The PCR mixture (25 μl) for first-round PCR contained 2.5 μl of 10× buffer (100 mM Tris-HCl, 500 mM KCl, and 0.8% [vol/vol] Nonidet P40; MBI Fermentas, Hanover, MD), 1.1 μl of (1.5 mM) MgCl2 (MBI Fermentas), 25 pmol each of primers CHS1 1S and CHS1 1R (Operon, Cologne, Germany), 1 μl of deoxynucleoside triphosphate mix (MBI Fermentas), 1 U of Taq DNA polymerase (MBI Fermentas), and 15 μl of DNA template. Deionized water was added subsequently to achieve the reaction volume. The reaction mixture was initially denatured at 94°C for 3 min, followed by 30 cycles of denaturation at 94°C for 60 s, annealing at 60°C for 75 s, and extension at 72°C for 120 s. This was followed by a final extension step for 7 min at 72°C in a thermal cycler (Biometra, Goettingen, Germany). The PCR mixture for nested PCR consisted of 25 pmol of primers JF2 and JR2 along with a 1:6 diluted product of the primary cycle as the DNA template; the rest of the constituents were the same as those described above. The running conditions of nested PCR were similar to the first-round PCR except that an annealing temperature of 63°C and 40 cycles were used. Triple-distilled water and DNA of Trichophyton mentagrophytes were used as the negative and positive controls, respectively.
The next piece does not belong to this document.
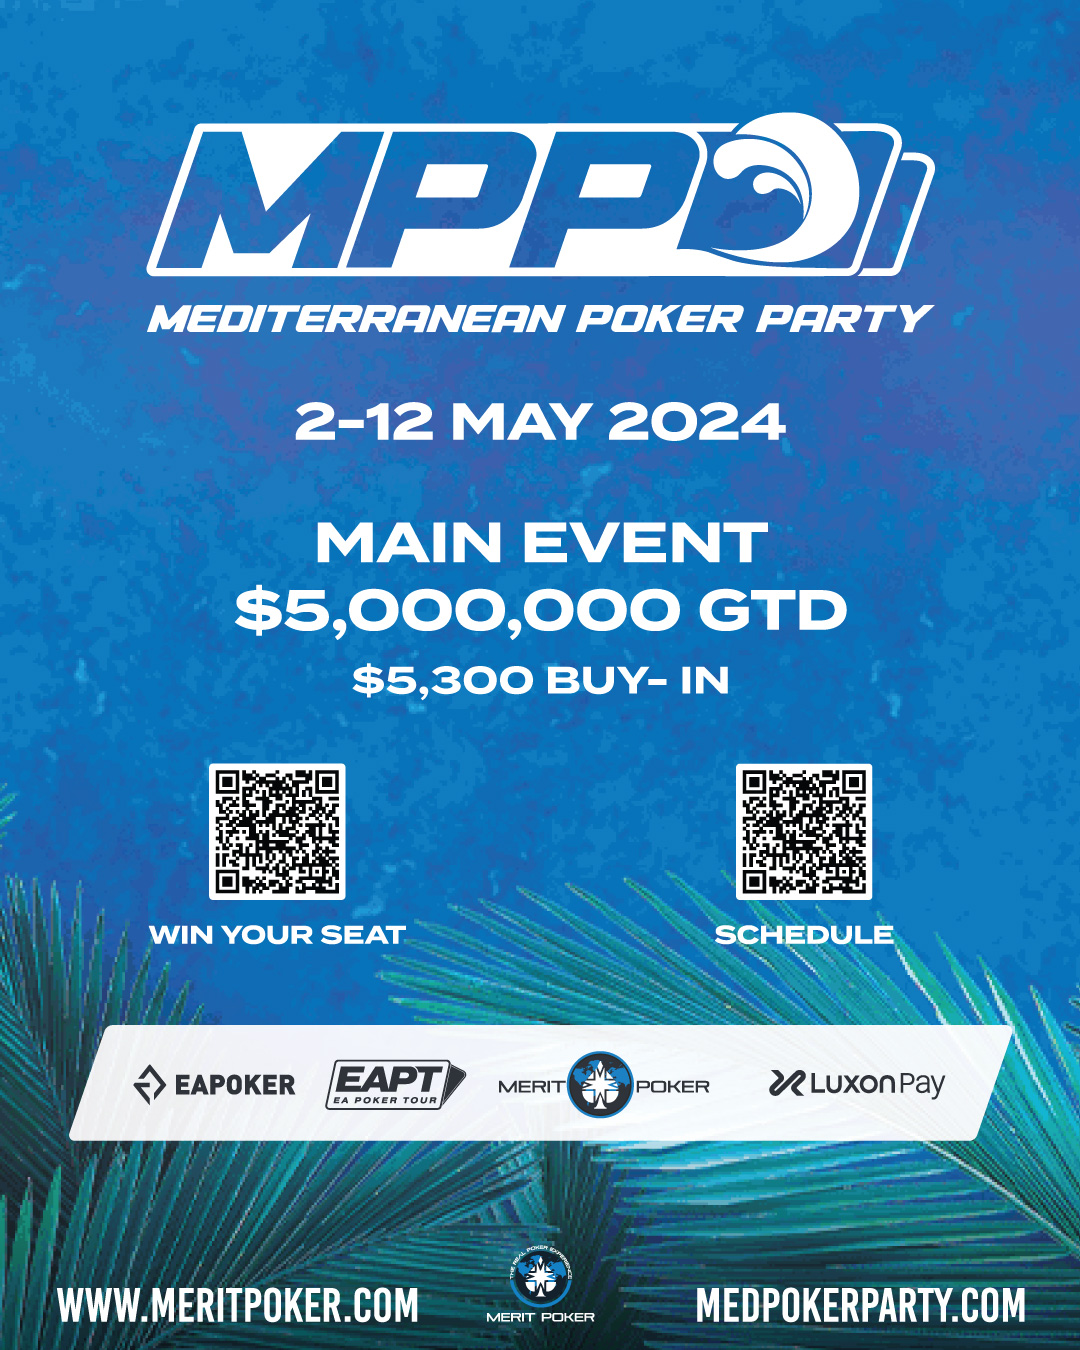 The Mediterranean Poker Party | 02 - 12 MAY 2024 | ME $5.000.000 GTD
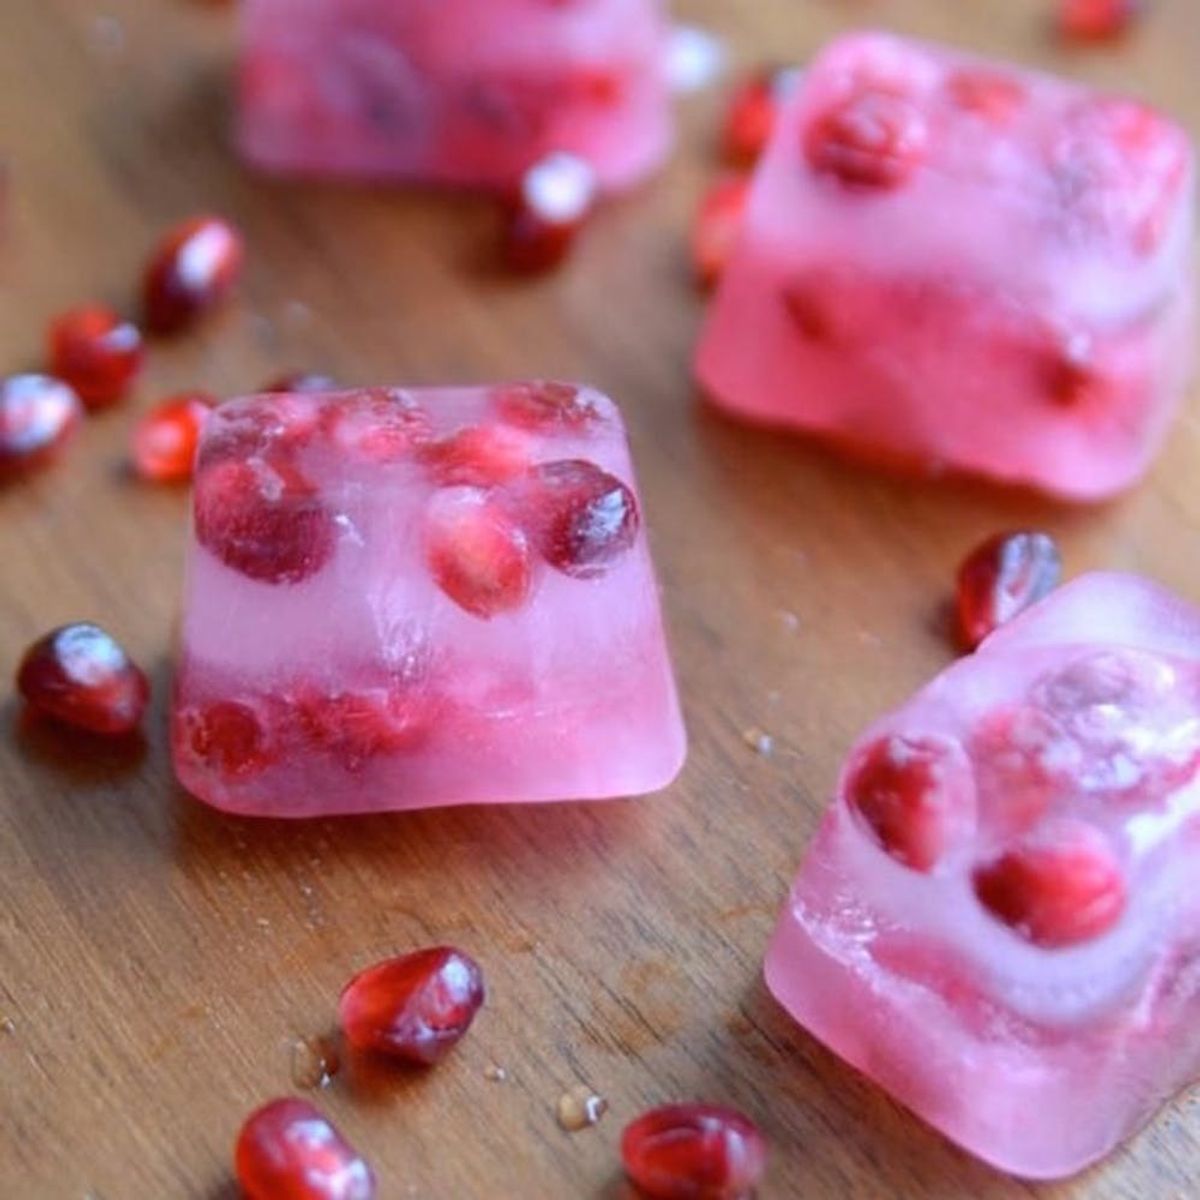 12 Ways to Make Flavored Ice Cubes

To document the amplified products, 5 μl of product from first-round PCR and nested PCR was electrophoresed on a 1.5% agarose gel (containing 1.5 μg/100 ml ethidium bromide) in Tris-borate-EDTA buffer, along with the tracking dye bromophenol blue, initially at 100 V for 5 min and then at 80 V for 60 min. Thereafter, bands were visualized under UV light (Fig. (Fig.11).

FIG. 1.
Results of nested PCR of clinical specimens from patients with onychomycosis. Lanes 1 and 18, 100-bp DNA ladder (molecular mass markers); lane 2, positive control (288 bp); lane 3, negative control; lanes 5, 10, 13, and 15, nested-PCR-negative specimens; ...

For statistical analysis, the likelihood ratios for a positive test result (LR+) and a negative test result (LR) were calculated (7). The significance between the two proportions was determined by using the z test (4).

Of the 152 patients with clinically suspected cases of onychomycosis, 63.4% (96/152) were positive for fungal elements by KOH microscopy. Dermatophytes were detected in 79.6% (121/152) of the cases by nested PCR and isolated in 25% (38/152) of the cases by culture. Nondermatophytic molds and Candida albicans were isolated in 11.8% (18/152) and 3.3% (5/152) of the cases, respectively, by culture. Among the dermatophytes isolated, Trichophyton rubrum was the most common isolate (55.26%, 21/38), followed by T. mentagrophytes (34.2%, 13/38), Trichophyton tonsurans (5.2%, 2/38), and Trichophyton violaceum (5.2%, 2/38). The overall positivity by first-round PCR was 51.3% (78/152). Of 114 specimens negative for dermatophyte isolation, 54 (47.3%) were positive by first-round PCR and 83 (72.8%) by nested PCR. Of the 83 specimens positive by nested PCR, nondermatophyte molds were cultured from 8 specimens, thus detecting cases with hidden mixed infections. Nested PCR was positive for 71.4% (40/56) of the KOH microscopy-negative specimens. In addition, all 83 patients on antifungal therapy were positive by nested PCR (Table (Table1).1). By statistical analysis, nested-PCR positivity was found to be significantly higher than that of KOH microscopy (P < 0.01), culture isolation (P < 0.001), or first-round PCR (P < 0.001).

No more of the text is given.